• [Exercise data]:
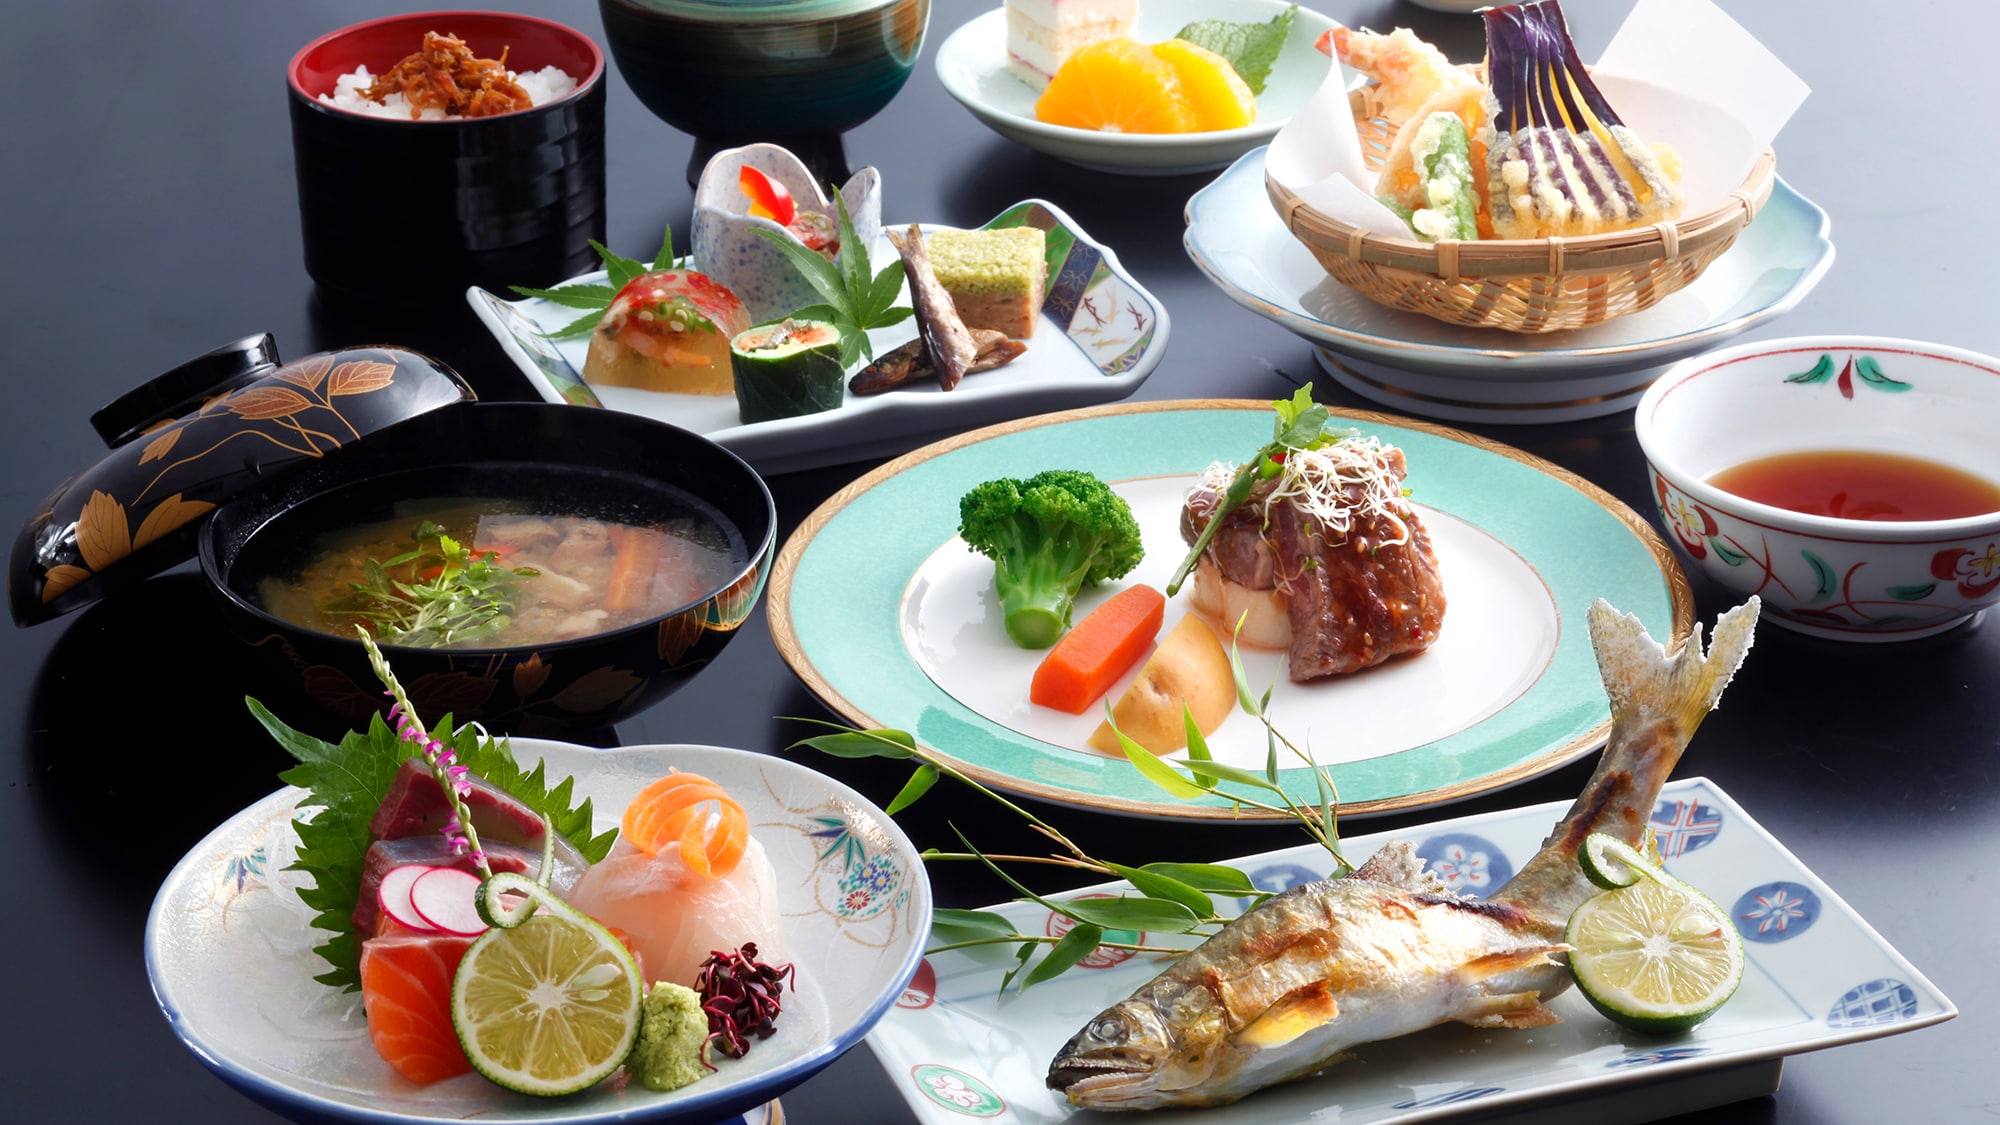 [Basic Kaiseki] Please enjoy the fruits of the mountains and sea such as "sashimi" and "fillet steak".
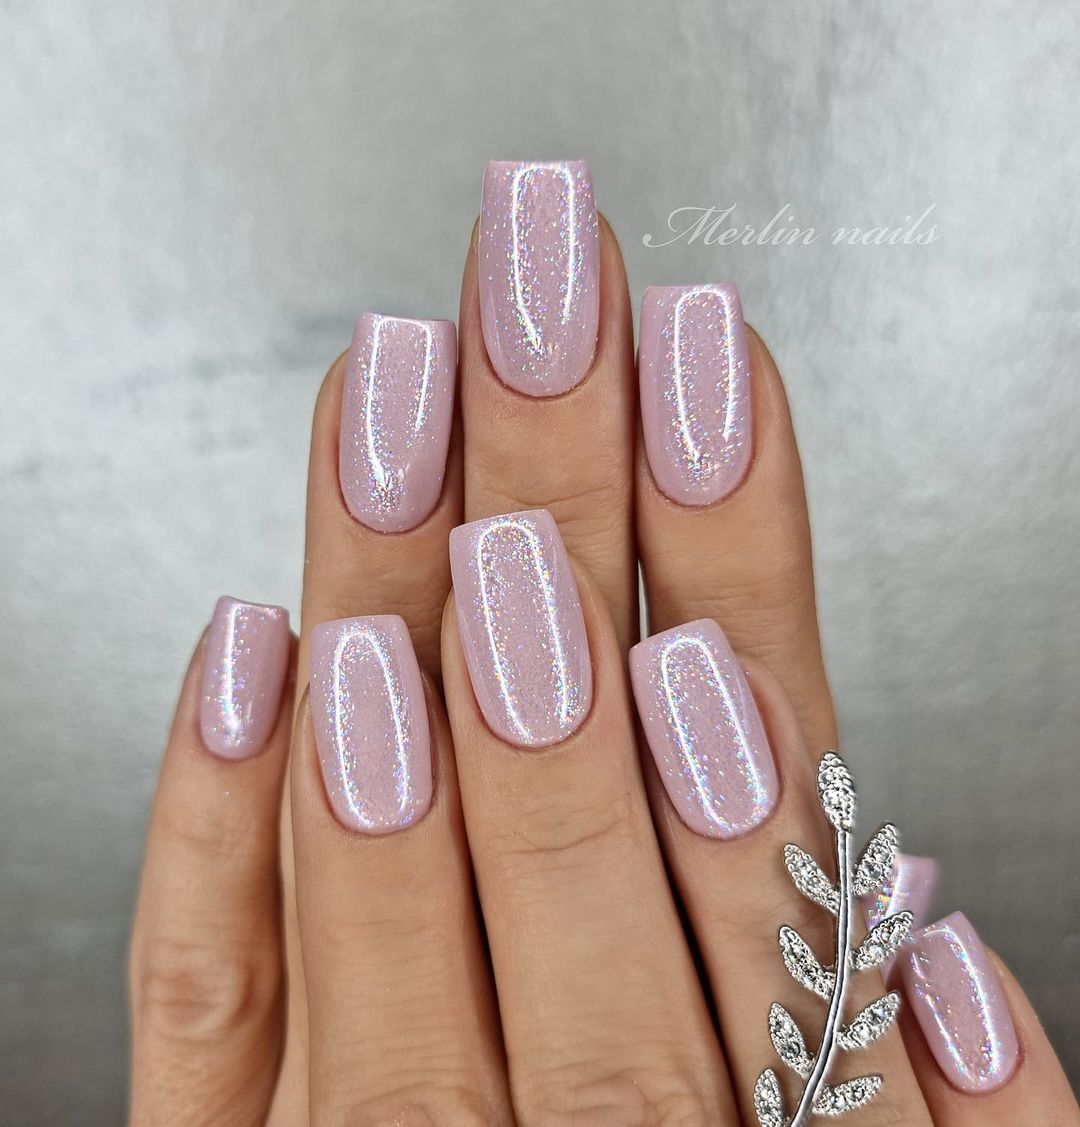 Nude Nails With Glitter
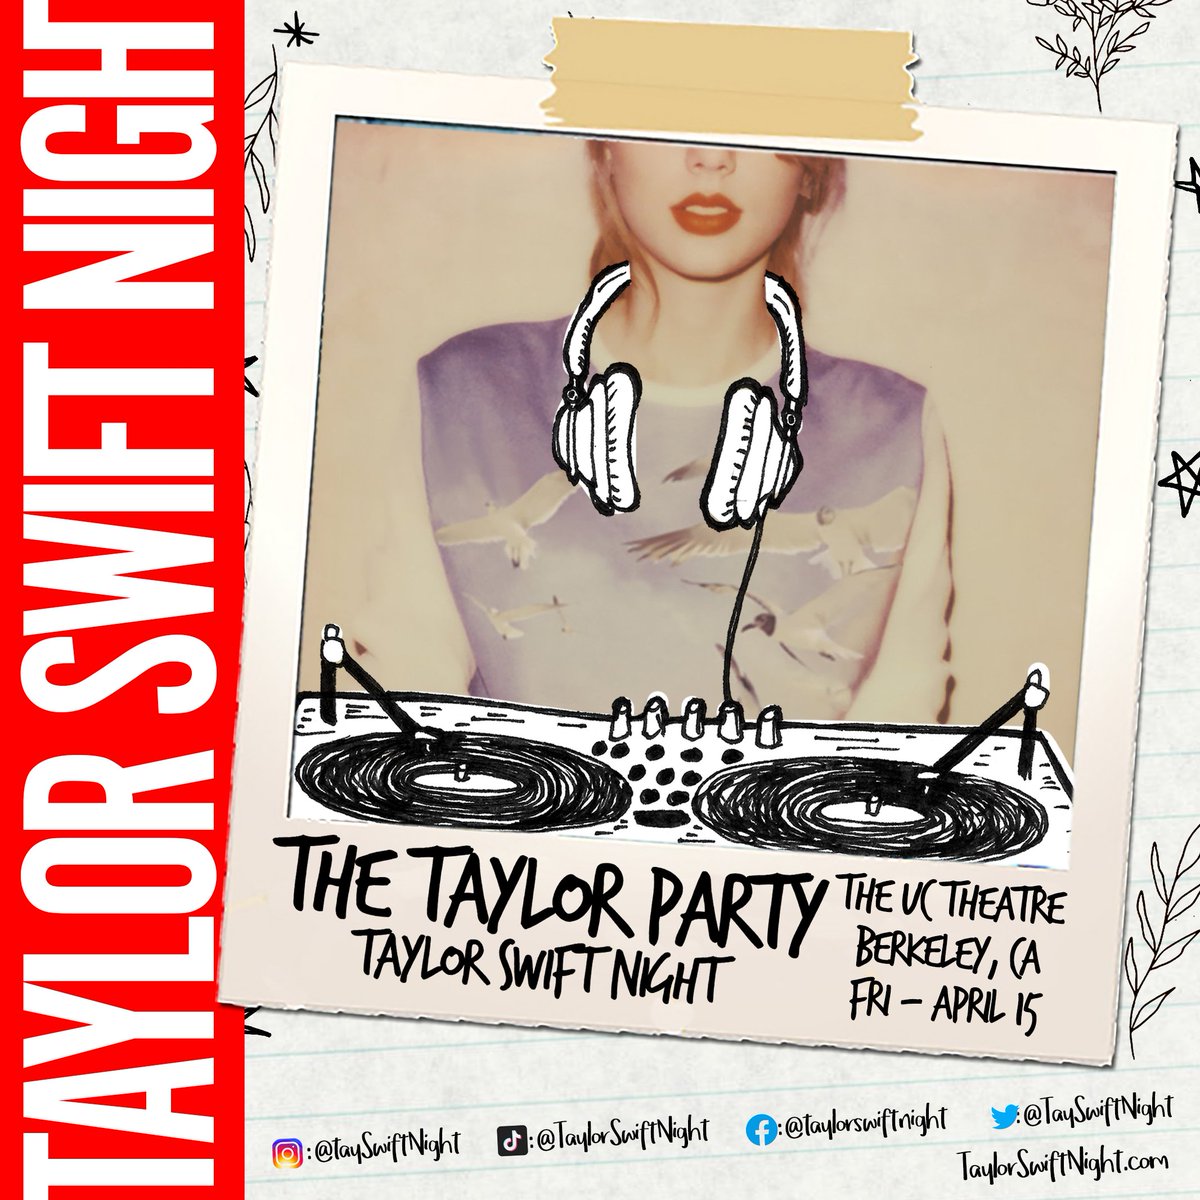 Just announced! 💋 THE TAYLOR PARTY: TAYLOR SWIFT NIGHT 💃 is coming to Berkeley on Friday, April 15. Calling all Swifties! Grab your crown and crew and come dance the night away to non-stop Taylor. 💃 Are you ready for it?? #thetaylorparty 🎈On Sale: Friday, March 11 @ 10AM

• [Task description]: Output all of the listing above, exactly as given, but without its pictures.

• [Answer below]:
 [Basic Kaiseki] Please enjoy the fruits of the mountains and sea such as "sashimi" and "fillet steak".
 Nude Nails With Glitter
 Just announced! 💋 THE TAYLOR PARTY: TAYLOR SWIFT NIGHT 💃 is coming to Berkeley on Friday, April 15. Calling all Swifties! Grab your crown and crew and come dance the night away to non-stop Taylor. 💃 Are you ready for it?? #thetaylorparty 🎈On Sale: Friday, March 11 @ 10AM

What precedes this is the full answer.